Check out the writeup on our site for a few more details and photos.

Cheers!


----------



## CyclepathNW (Jan 24, 2013)

*Bikerumor story*

Here's the story on bikerumor.


----------



## hunter006 (Jan 20, 2012)

First of all, what an awesome winter project. You guys did a great job.

Can you go in to a little more detail on the mods, so we have an idea of what it was that you actually did?

Now, my other reason for posting here... I know this is a little off topic, but regarding your customer's comments:


> "Got my first ride on the Di2 set up today&#8230; I love technology! *No issues at all, except that it still won't send Tweets or pick up live satellite feeds&#8230;*"


There are bluetooth enabled microcontroller programmable boards, and bluetooth connectors for non-bluetooth programmable boards, which will allow a phone to be connected to the microcontroller. From there, it's a matter of programming the boards to do what you want.

It's time to talk about Precious, the Specialized TriCross that crossed the USA. This was not my personal project, however I did talk to the rider* about how things worked, and given I have a degree in Communications Engineering I can definitely say you don't have to be an engineer to make this work. In the video below, the bike's brain (the microcontroller) connected via bluetooth to a cell phone and sent lots of data to a centralized server, which then did the heavy lifting from there (location data was gleaned from a SPOT device RSS feed; this is more battery friendly on the phone than using the on-phone GPS). There were triggered tweets with what's affectionately known as "geofencing", as well as conventional triggers (e.g. cracking 100 miles would result in a tweet) and manual tweets that could be sent by pushing a button on the handlebars.

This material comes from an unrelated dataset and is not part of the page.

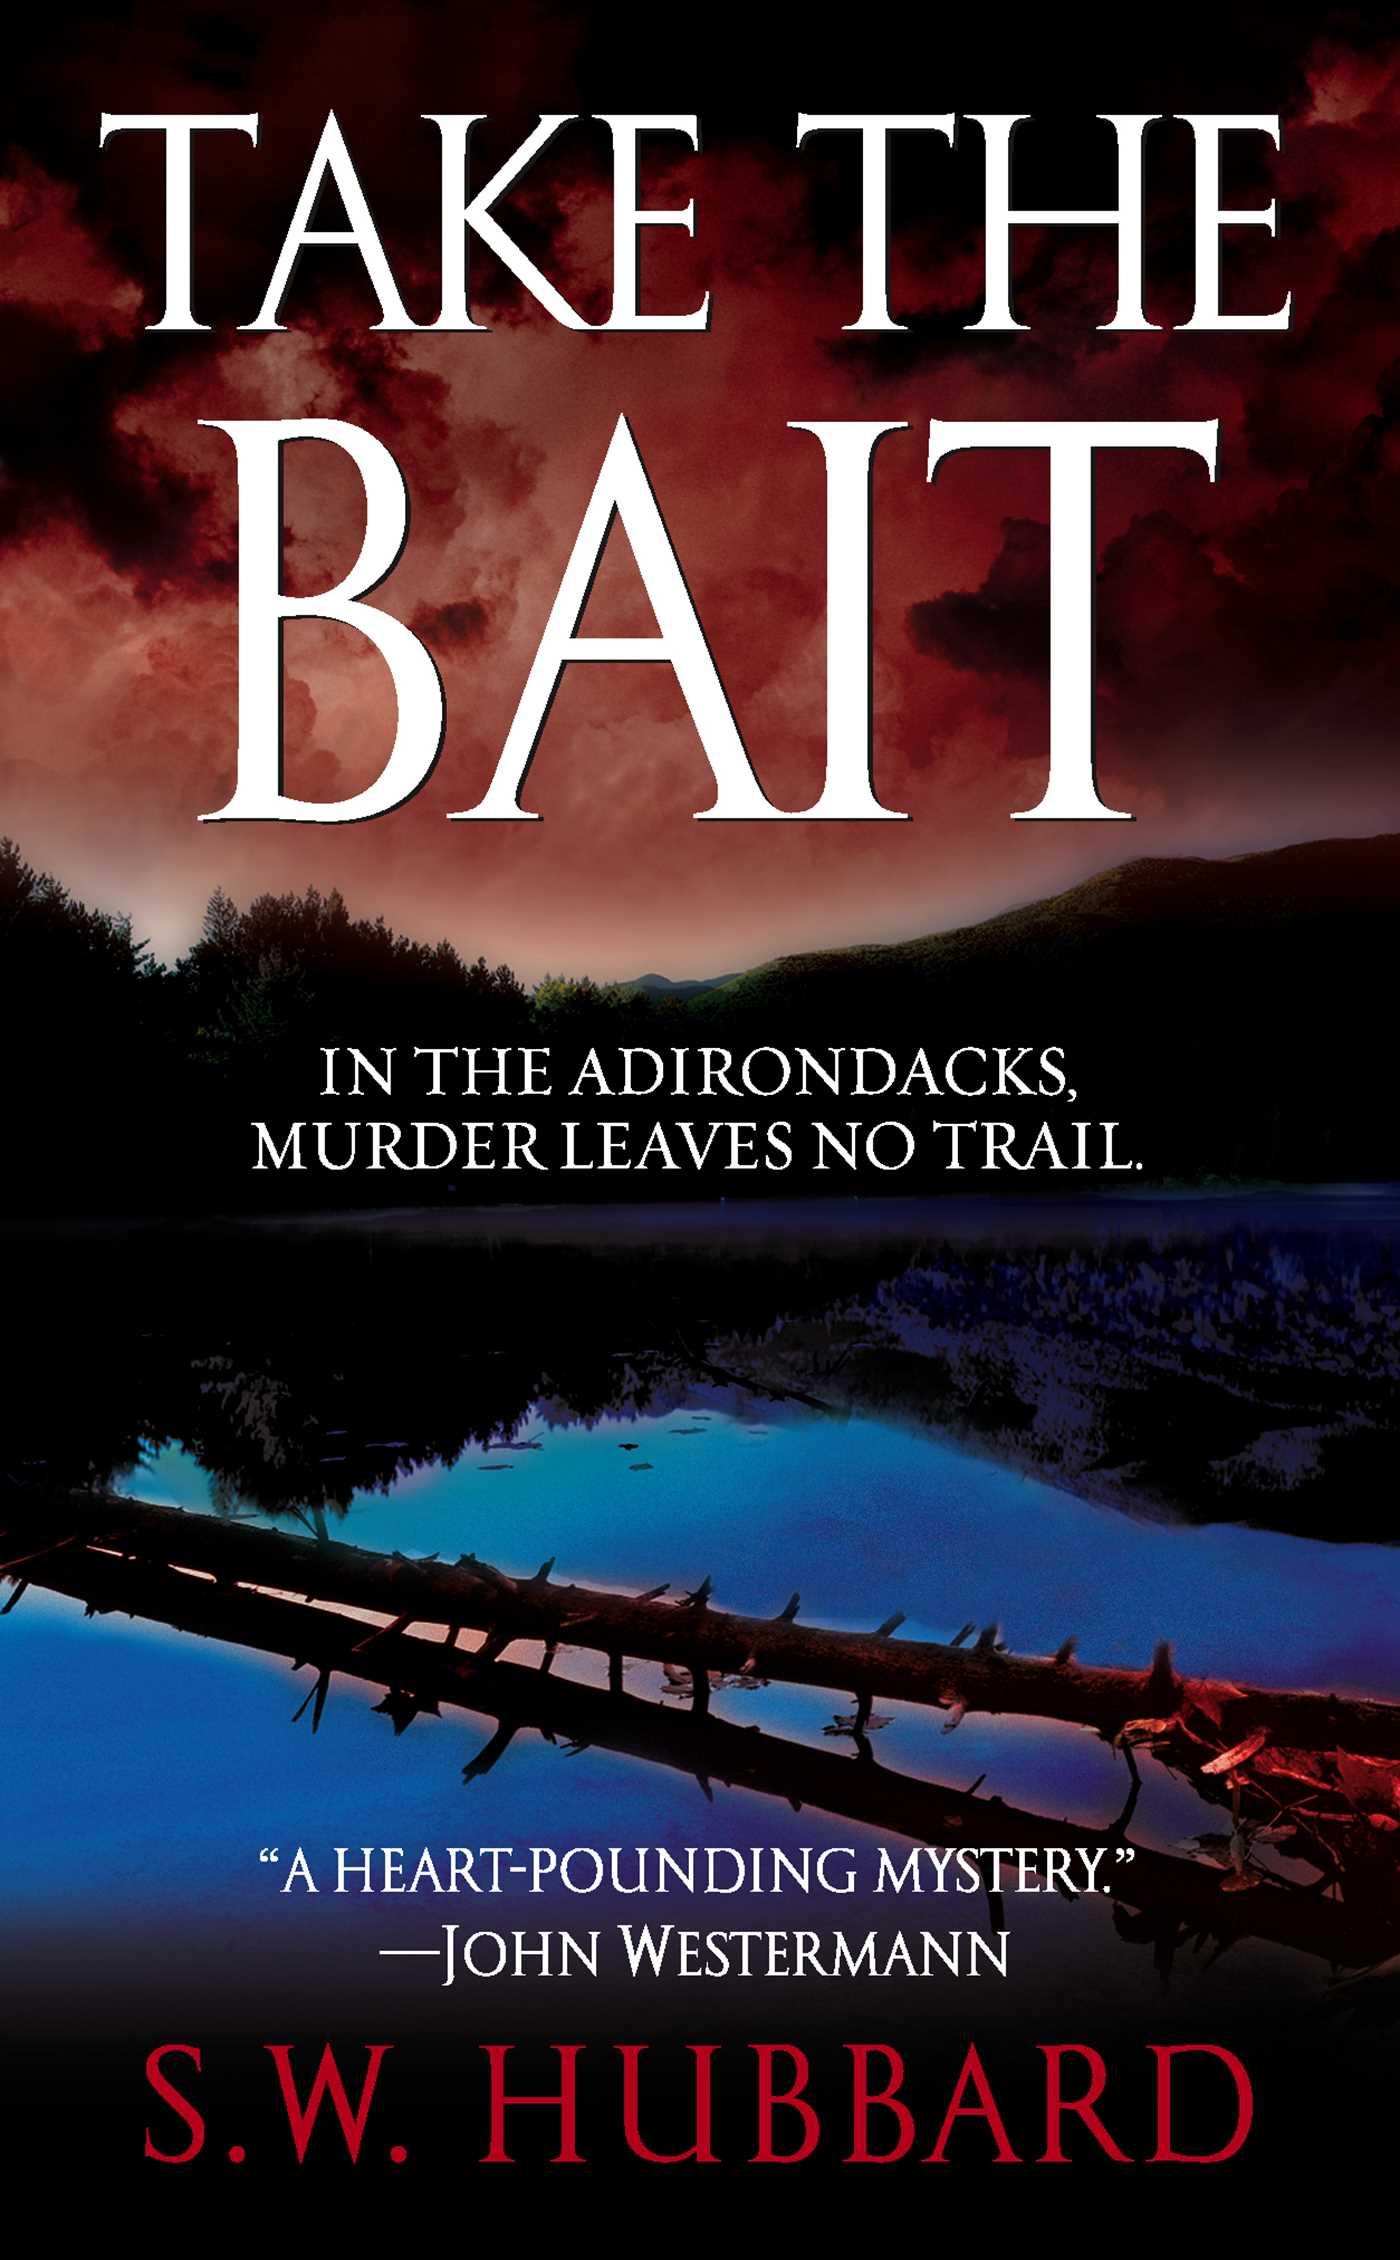 Take the bait 9780743480765 hr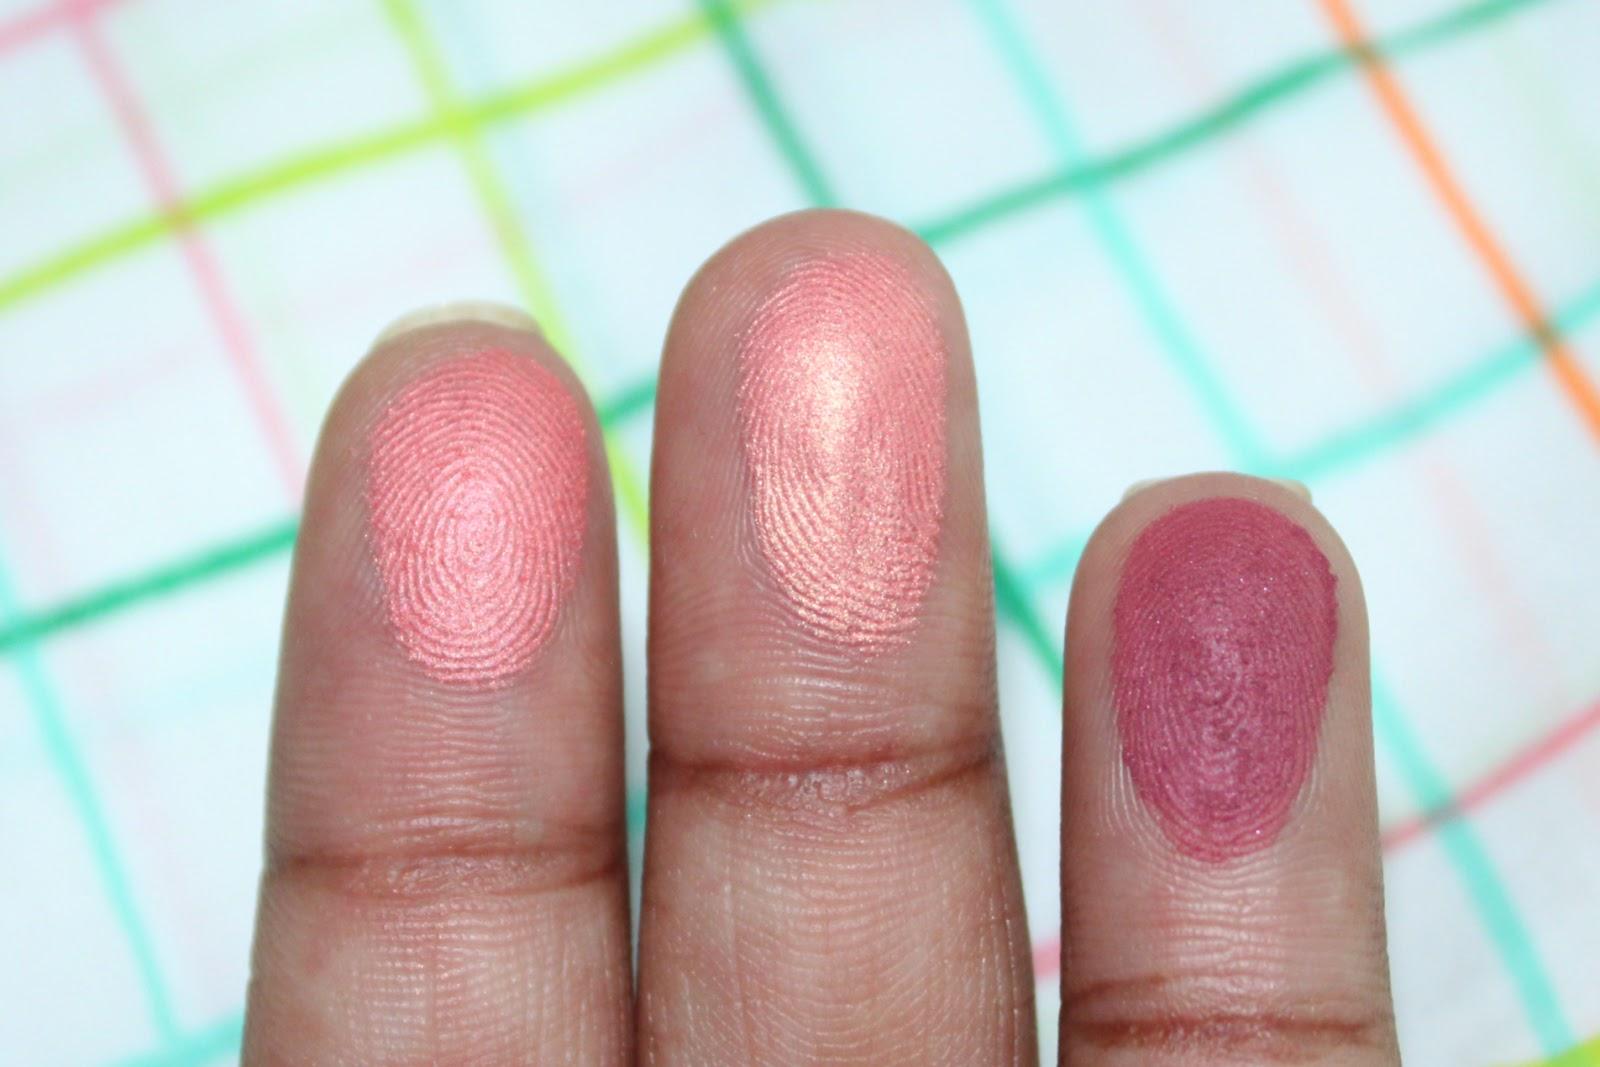 MAC BLUSH COLLECTION | Makeup and Beauty Mayhem

That also means the reverse process, picking up live satellite feeds, is also possible to do on the bike, provided an application had the know-how to send it to bluetooth. Now, I don't know what your customer wants to do with said feeds, but it IS possible.

The downside to all of this is that you have to do the processing somewhere, and that's where you can start having issues. Central server + Text messaging = more reliable, more expensive. Phone App = Can control everything on the phone (what I'd do) but you start running in to issues with publication (e.g. putting it on the iPhone app store). Doing everything on the microcontroller is limited by the processing power of the board; depending on the intended application, e.g. displaying weather, incoming tweets, etc. this may be the best option, but it does somewhat limit the ability to do on-the-fly custom actions.

I know you guys are bike guys, not software developers, but since Winter is not over, if you're up to suggesting a little something extra when they come in for the battery upgrade, *it has been done before* and I'd love to see someone do it again.

Yes I am Precious - A Bike with a Brain - YouTube

_* Janeen, the rider, now works at Specialized in Morgan Hill, CA. Sadly, Specialized has no intention of making smartass bikes in the future._


----------



## spaceboyllb (Mar 12, 2012)

awesome project. will be watching this closely. Understand the limitations you were faced with at this time but the wiring/battery is a deal breaker.


----------